Once you’re married, you’re married forever. Therefore it’s best to take your time, and to really be sure that this relationship is going to last forever. Seven months in, you’re still really in the “honeymoon” stages.
Like I can talk, we got engaged after 13 months, it’s not like we waited years, but we didn’t rush into the wedding, we took another two years before we got married.
Anyway, we are a few years older which makes a difference. At 18, your personality isn’t set in stone, and you might find the next couple of years make a big difference to you as a person. At the end of that time, you might not even have anything in common with your girlfriend - or, you might find yourself loving her more everyday. All I know is, at 20 I was totally different in personality compared to when I was 18. I actually dropped most of my friends in that time because my values and attitudes changed so much that I found that not only did I have nothing in common with them, but that I didn’t like them at all. By the time I was 22, I was living a completely different life, with different friends, different values. What I’m saying here is, don’t get engaged too young! You don’t know what changes the next couple of years will bring.
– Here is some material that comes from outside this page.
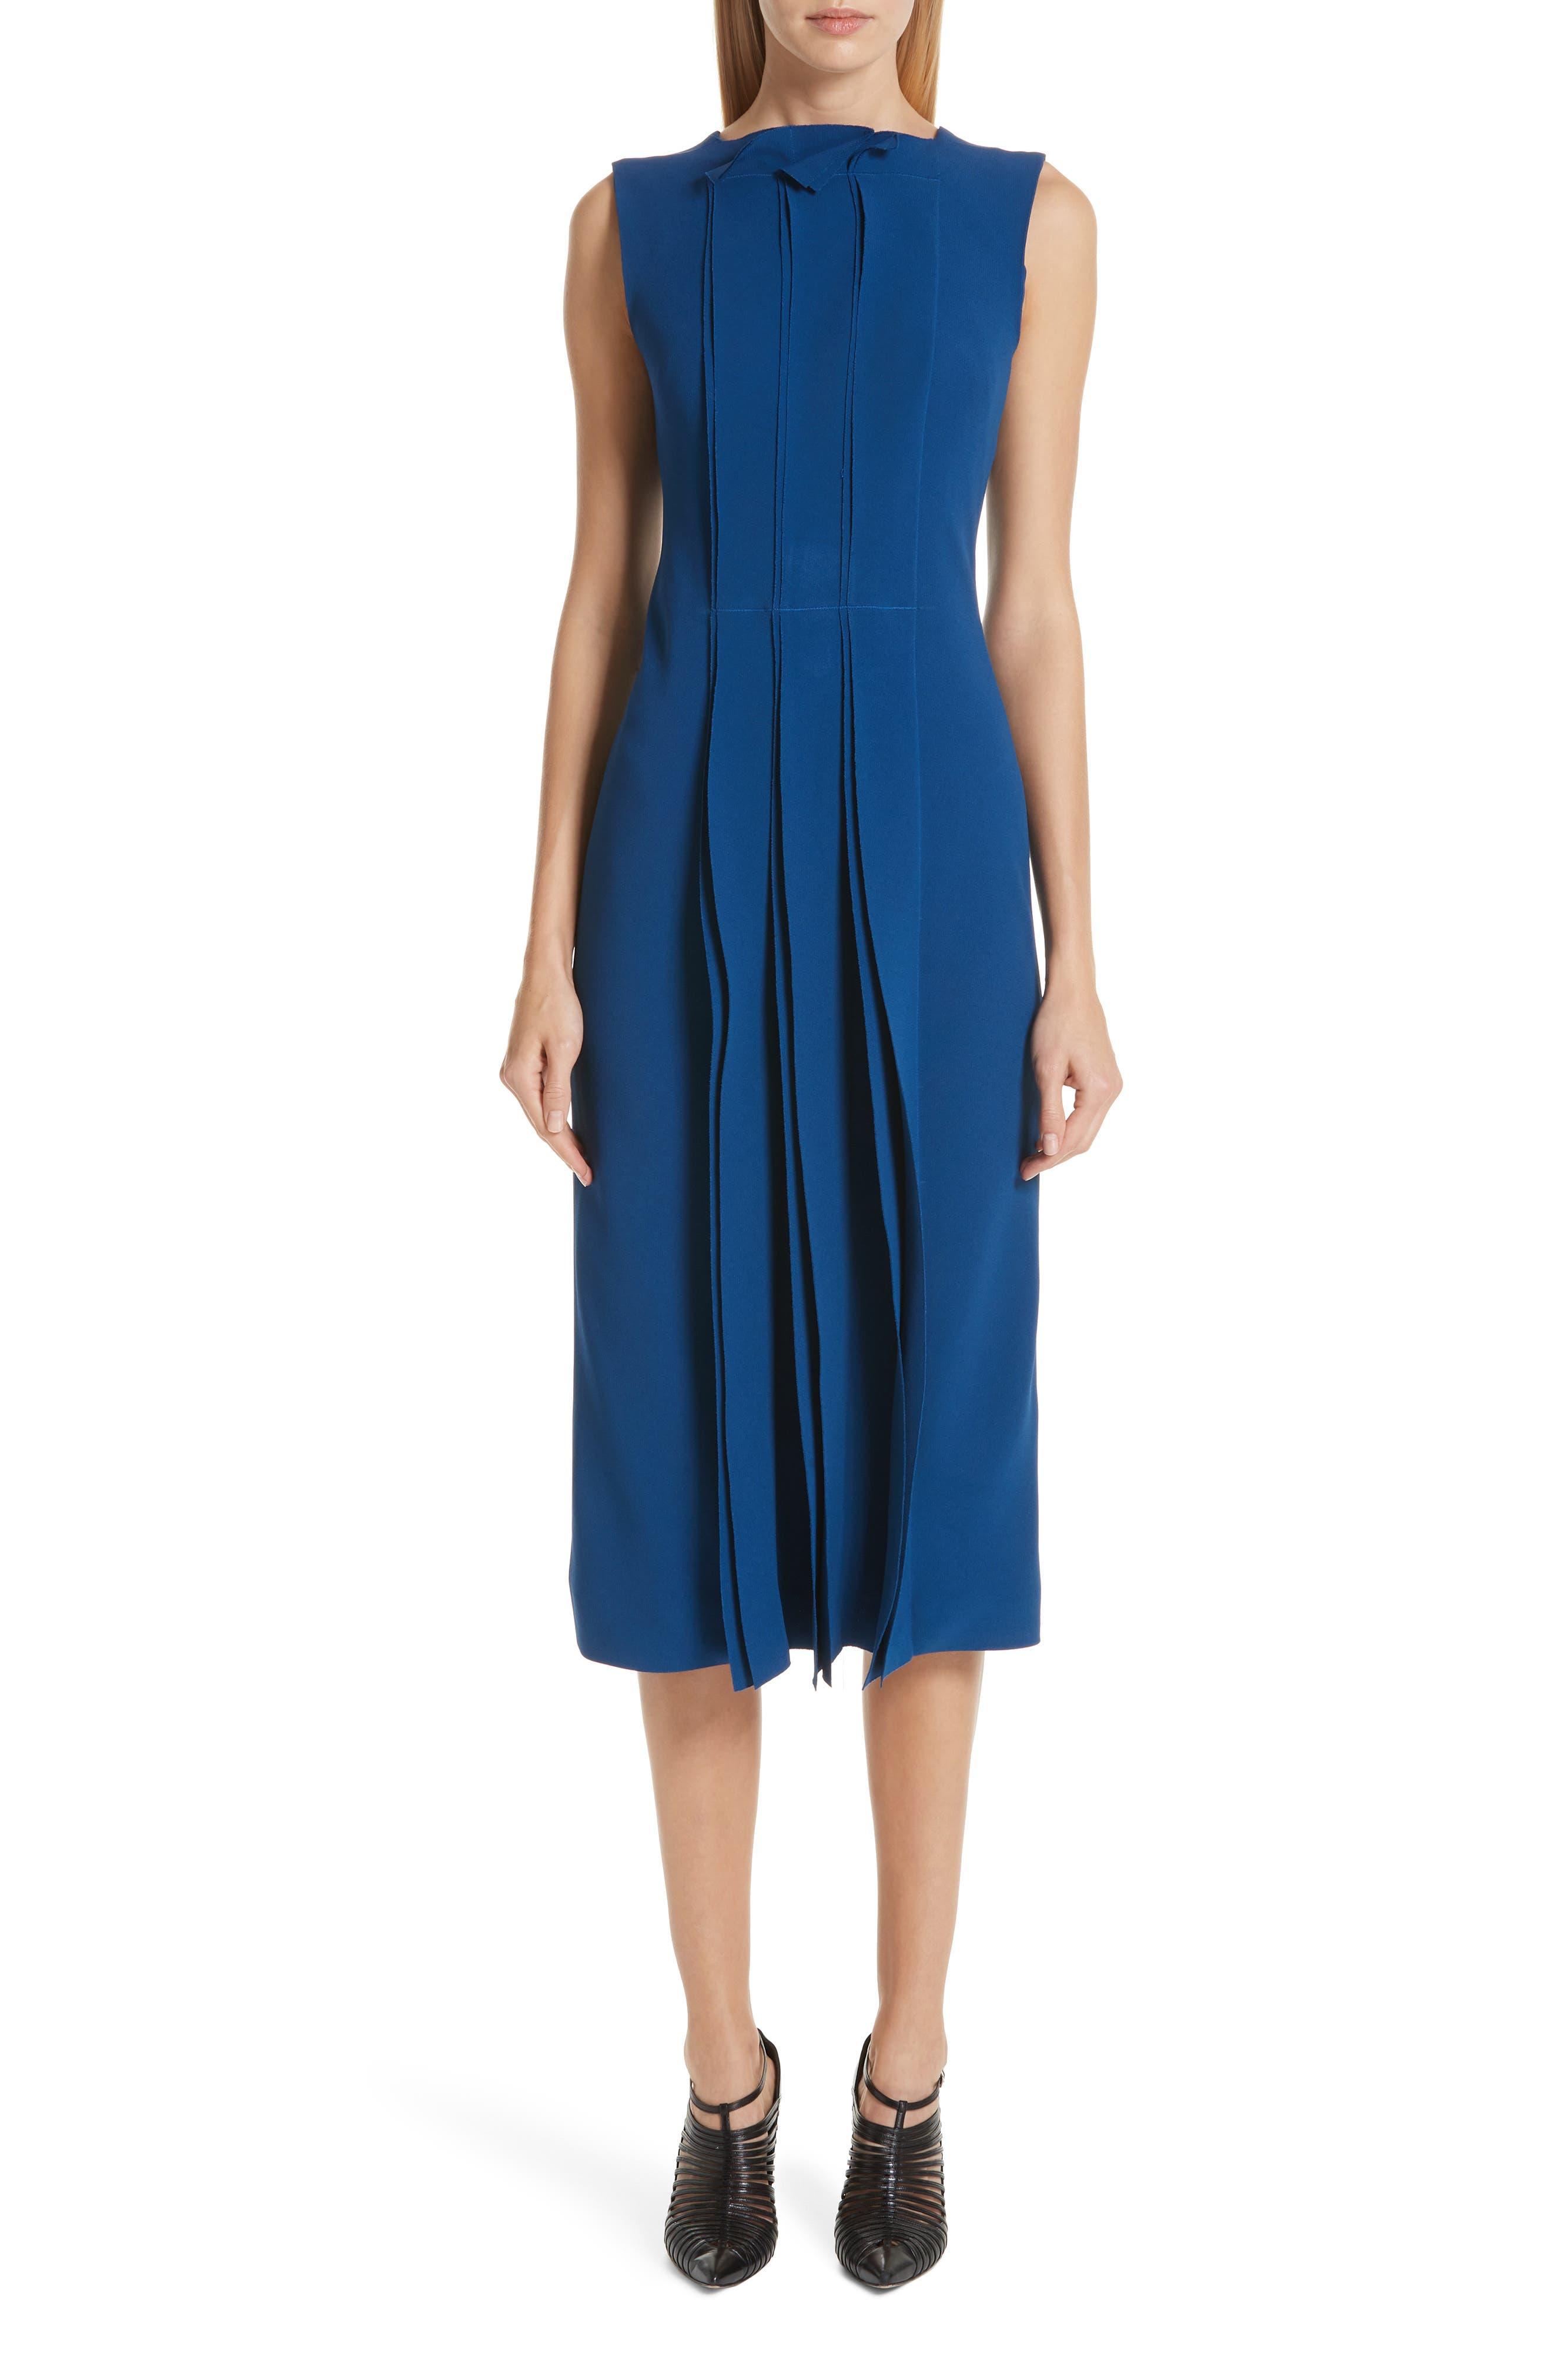 Jason Wu Collection Stretch Cady Dress, Blue

Engagements can be as long or short as you like. We were engaged two years, which some people considering ridiculously long and others thought was way too short. I know a couple who’ve been engaged 5 years and show no signs of making it to the altar any time soon. Many people seem to wait this long and longer - weddings can be so expensive, it often takes years to save for them. I’ve known more people who have long engagements than short ones, which fits well into my observation that more religious people tend to have shorter engagements (I don’t know that many religious people). One of those couples took only 6 months between meeting and marrying. I personally thought that was ridiculous, but the girl’s parents were ecstatic. Another couple that I don’t really know have just married after a two week long engagement. The guy’s ex-fiancee is confused, because when she saw him in February he wasn’t dating the woman he’s now married to. I rolled my eyes when my cousin told me off for marrying a man I’d known “only three years”. He has a daughter with a woman who he’d known for “only one night”. Also, while he thinks marriage is too big a commitment to rush into with his girlfriend of 5 years, they are actively trying for a baby. I take his opinions lightly.
Keep these things in mind
- It’s unlikely that you’ve finished growing and maturing, and the next couple of years could make a significant difference to your personality. Don’t tie yourself down at 18.
- A broken relationship is hard. A broken engagement is harder. A broken marriage is the worst of all.
- Forever is a long time. There’s no need to rush forever.
- Your engagement can be as long or short as you want it to be. You can have a 10 year long engagement, or you can spontaniously get engaged on your way to Vegas and be married before the day is out. No matter what you do, someone somewhere will think your engagement was too short, and someone else will think it was too long, so do whatever pleases you and learn to ignore everyone else.
- Marriage doesn’t really change anything. I lived with Mr Cazzle before we were married, and we spent our wedding night in our own home. I still had to wash his dirty dishes in the morning. The biggest adjustment - I’m still getting used to a new surname. That is all. Marriage is a huge big deal, but once the ceremony is over - life just goes back to normal. I’m not saying marriage is bad! I’m just saying - it’s not that different to just living together.
I’ll leave you with something that you may find funny or just silly… Mr Cazzle and I had discussed getting married, but hadn’t become engaged yet. However, he would (almost daily) ask me “Will you marry me?” and I would say “Yes!” or “Maybe…”, and he would say “Just checking”. It was a great fun game One day he said “Will you marry me?” and I said “Sure…” (I was half asleep) and he said “That time was for real”. That’s how we became engaged So much for my dreams of a candlelit dinner and wine and romance, but at least it was the man I’d dreamed of.